* _INFORMATION GIVEN_:
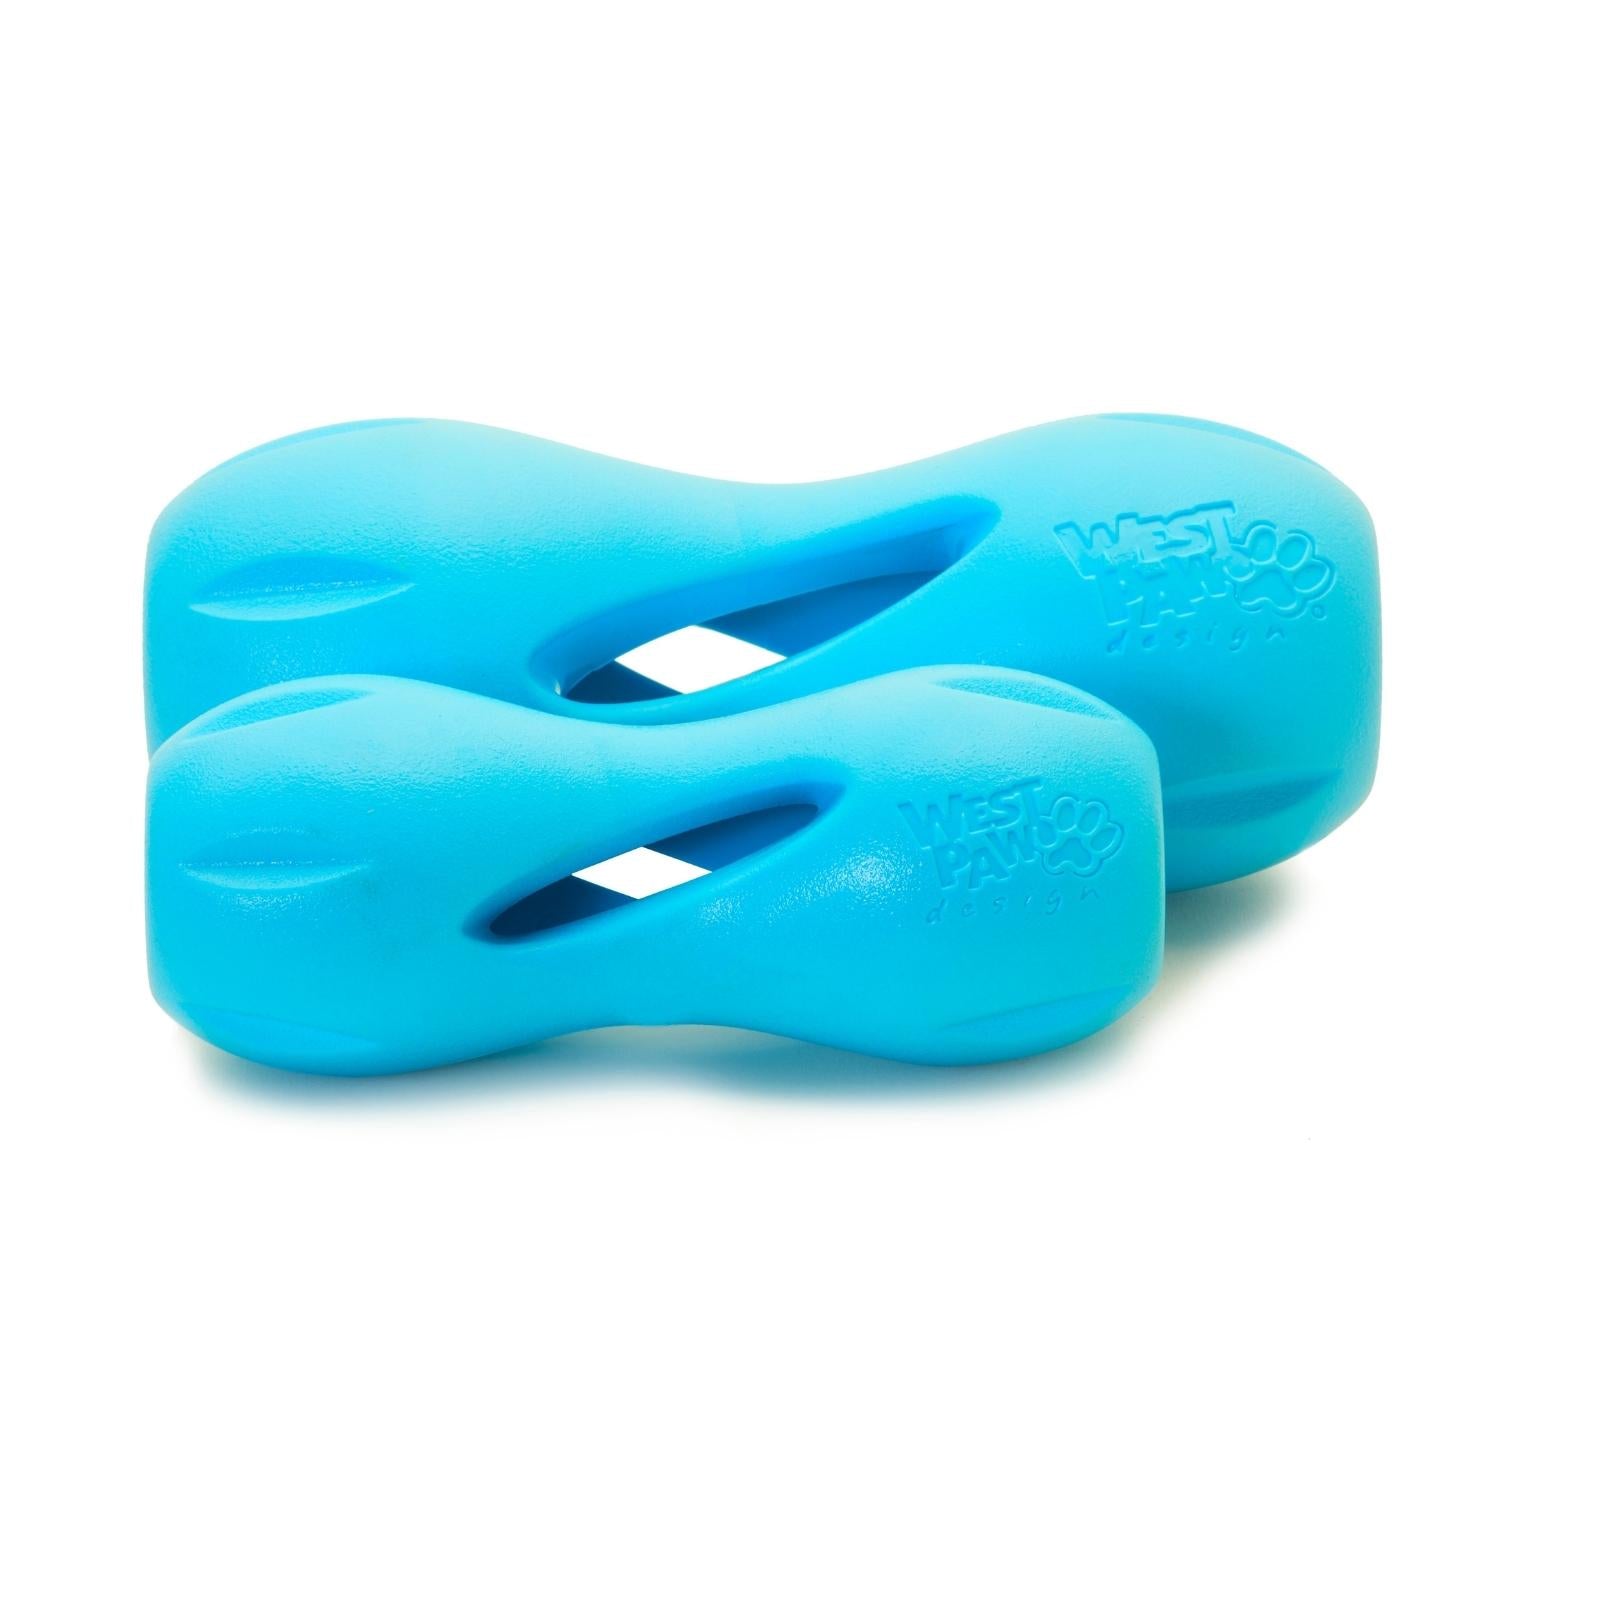 QWIZL de West Paw® color Azul - Juguete Dispensador de Premios para Perros
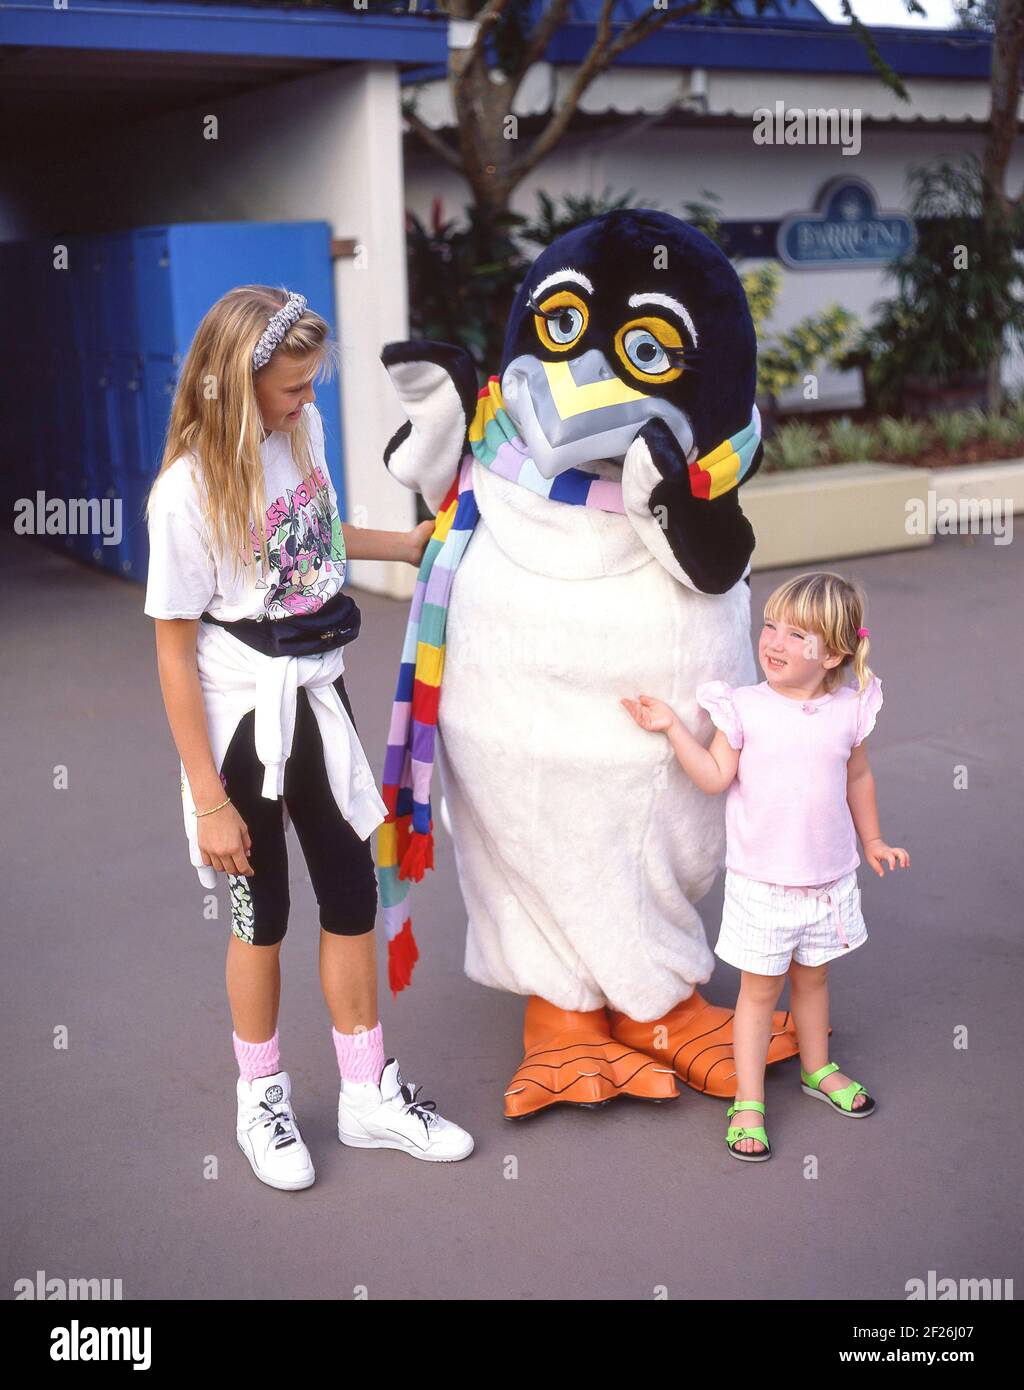 Junge Mädchen mit Pinguin-Charakter im Warner Bros Movie World Theme Park, Oxenford, City of Gold Coast, Queensland, Australien Stockfoto
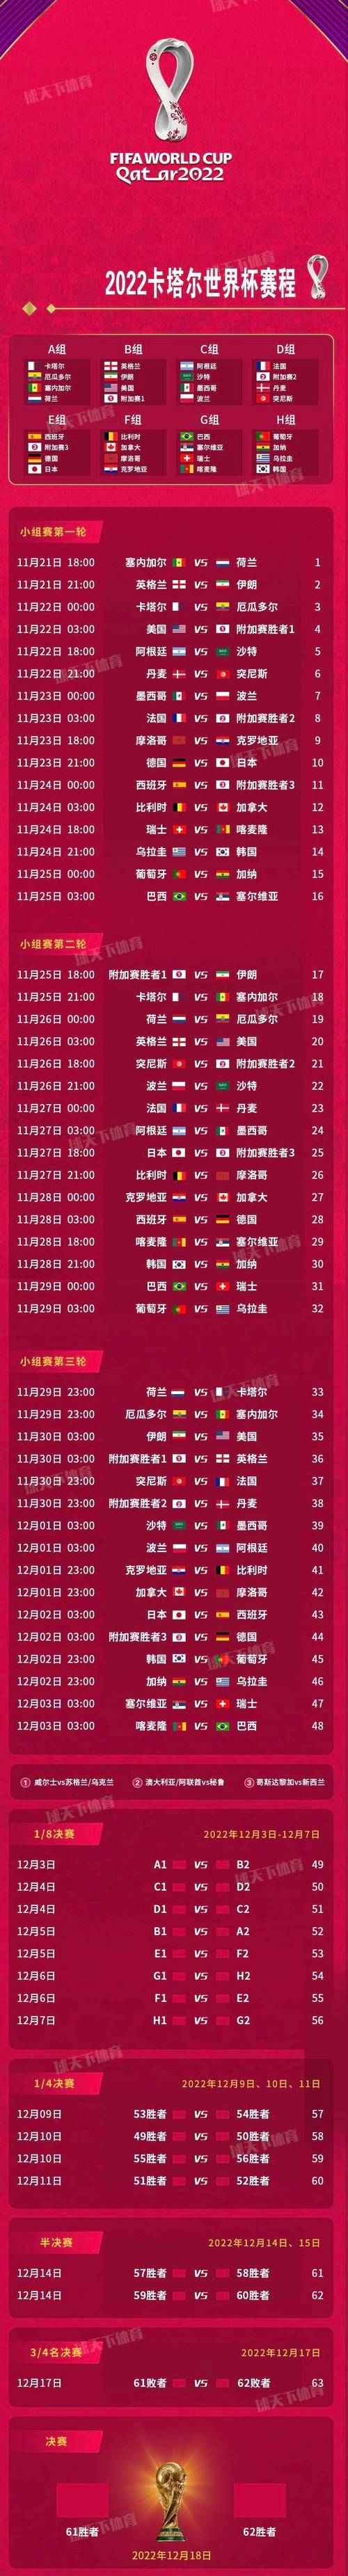 亚洲杯中国队赛程时间表卡塔尔
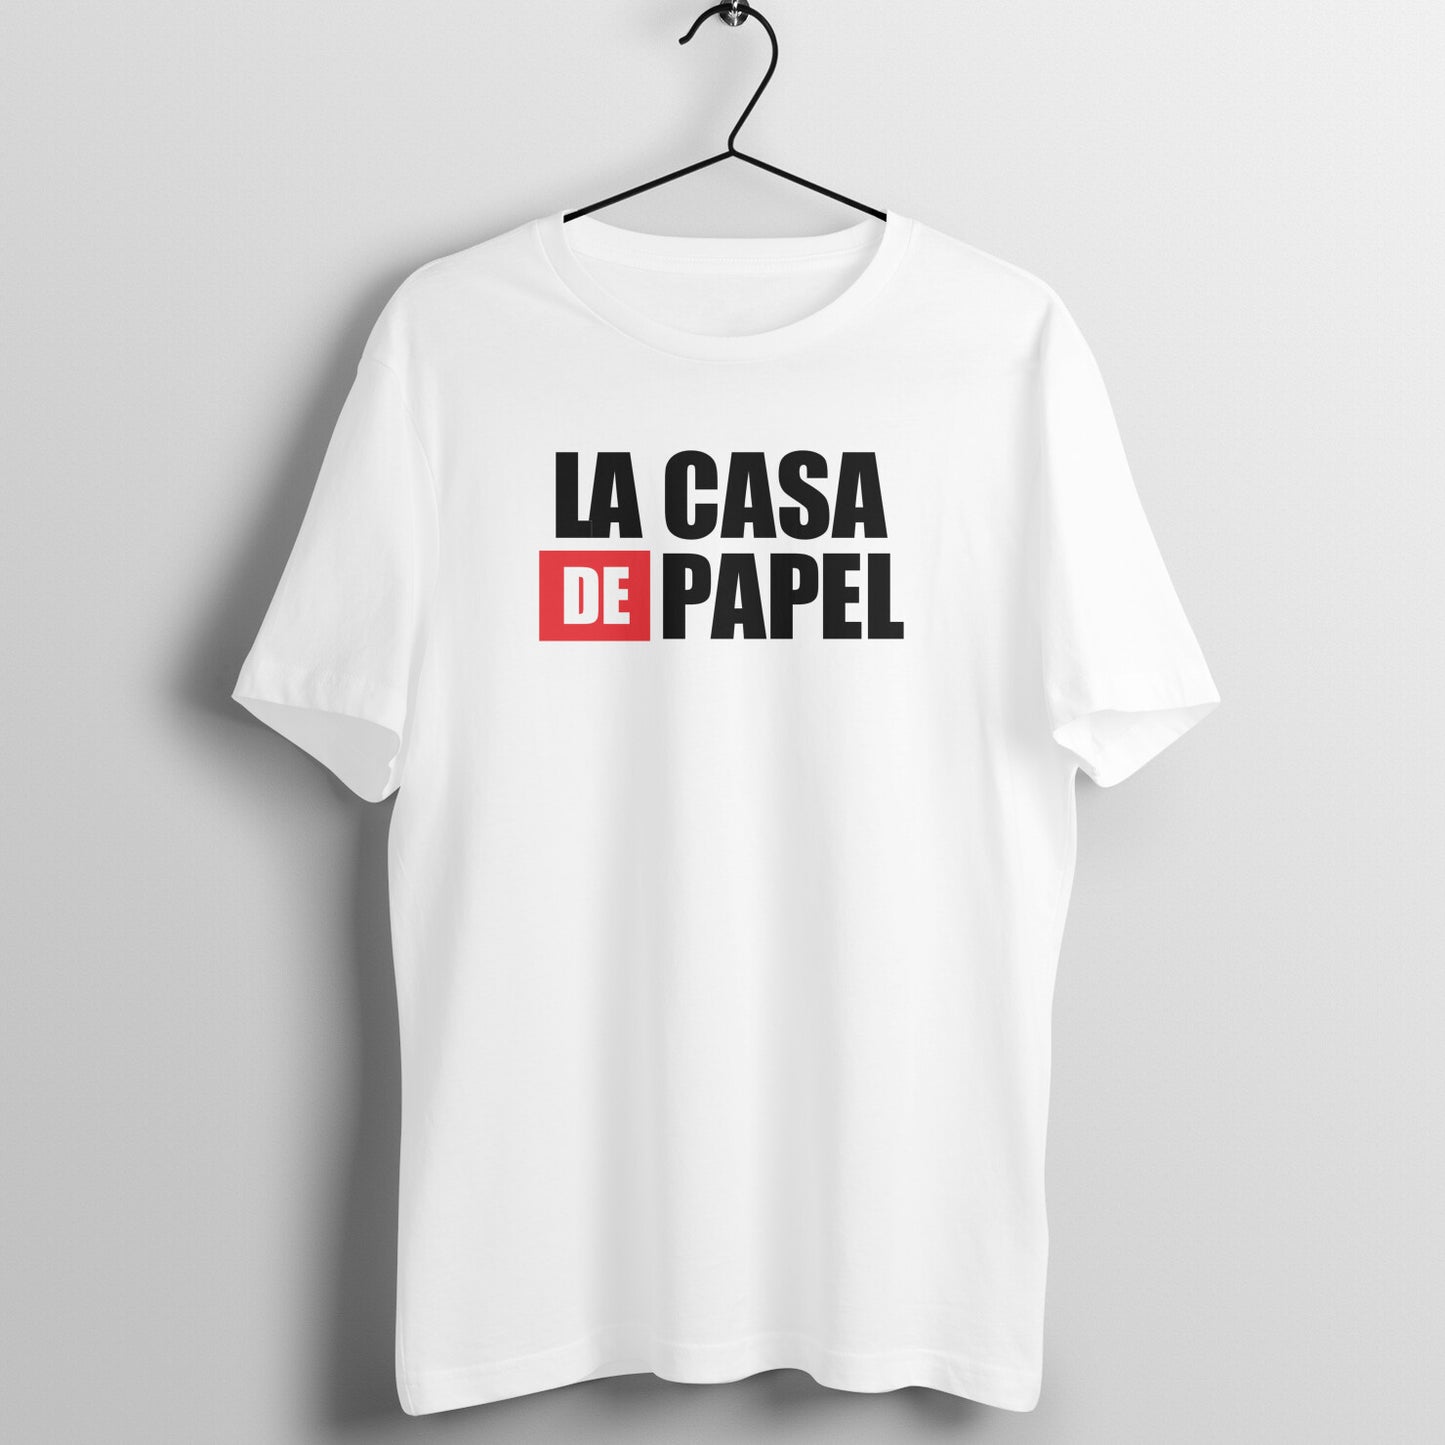 LA CASA DE PAPEL - Money Heist T-shirt
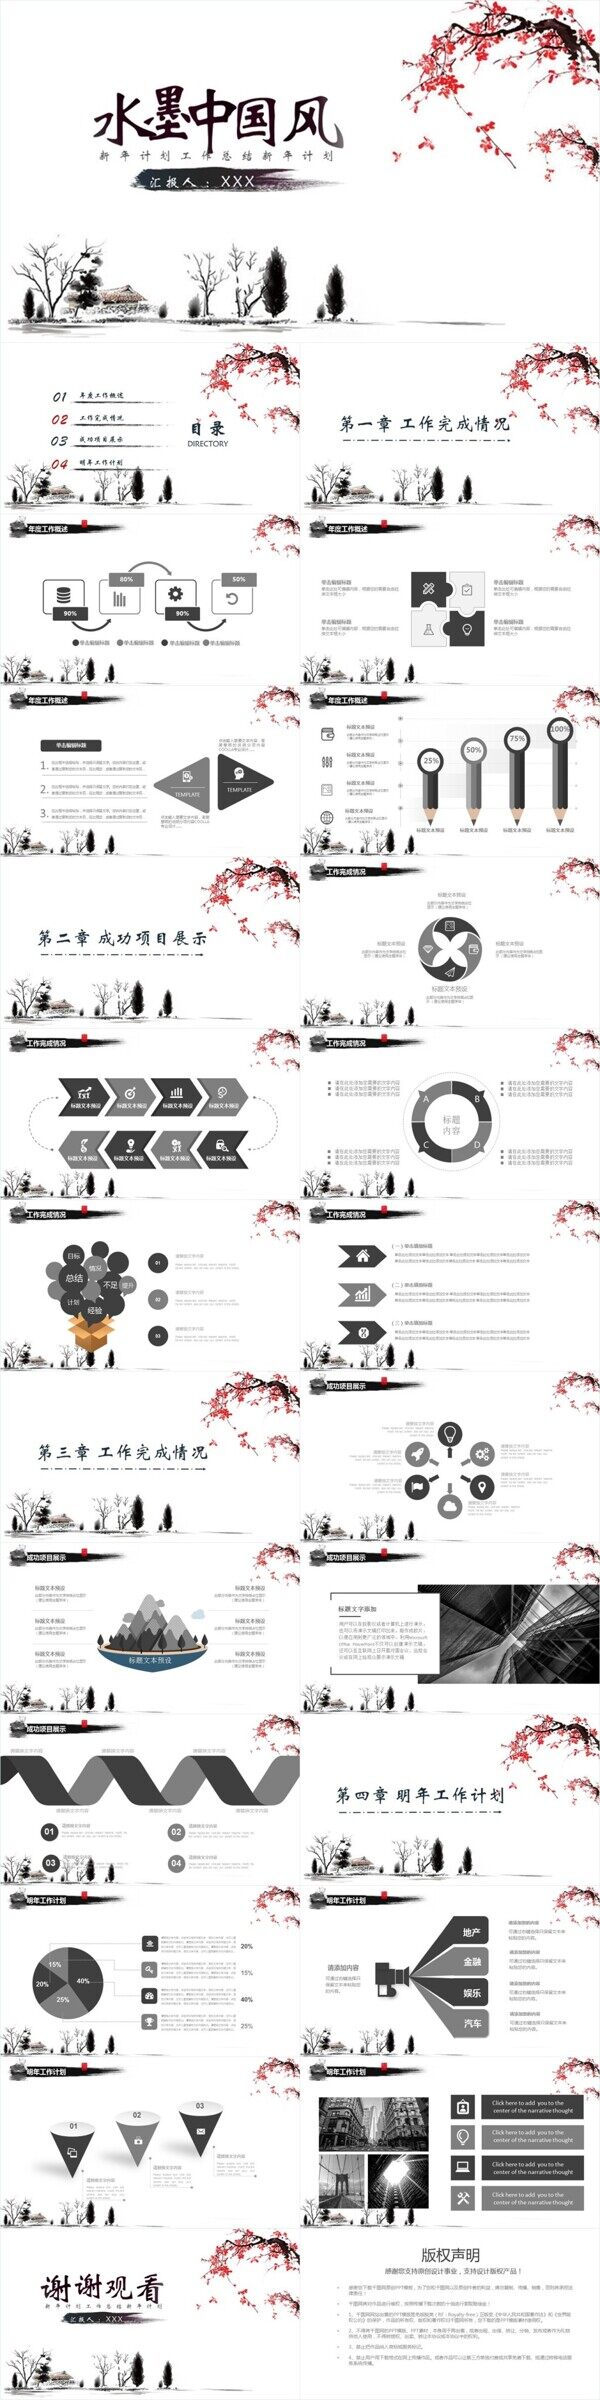 古典中国风水墨总结动态ppt创意设计模板

* _PROMPT_:
Write the material out again exactly as it appears, dropping the pictures.

* _RESPONSE AREA_:
 QWIZL de West Paw® color Azul - Juguete Dispensador de Premios para Perros
 Junge Mädchen mit Pinguin-Charakter im Warner Bros Movie World Theme Park, Oxenford, City of Gold Coast, Queensland, Australien Stockfoto
 亚洲杯中国队赛程时间表卡塔尔
 LA CASA DE PAPEL - Money Heist T-shirt
 古典中国风水墨总结动态ppt创意设计模板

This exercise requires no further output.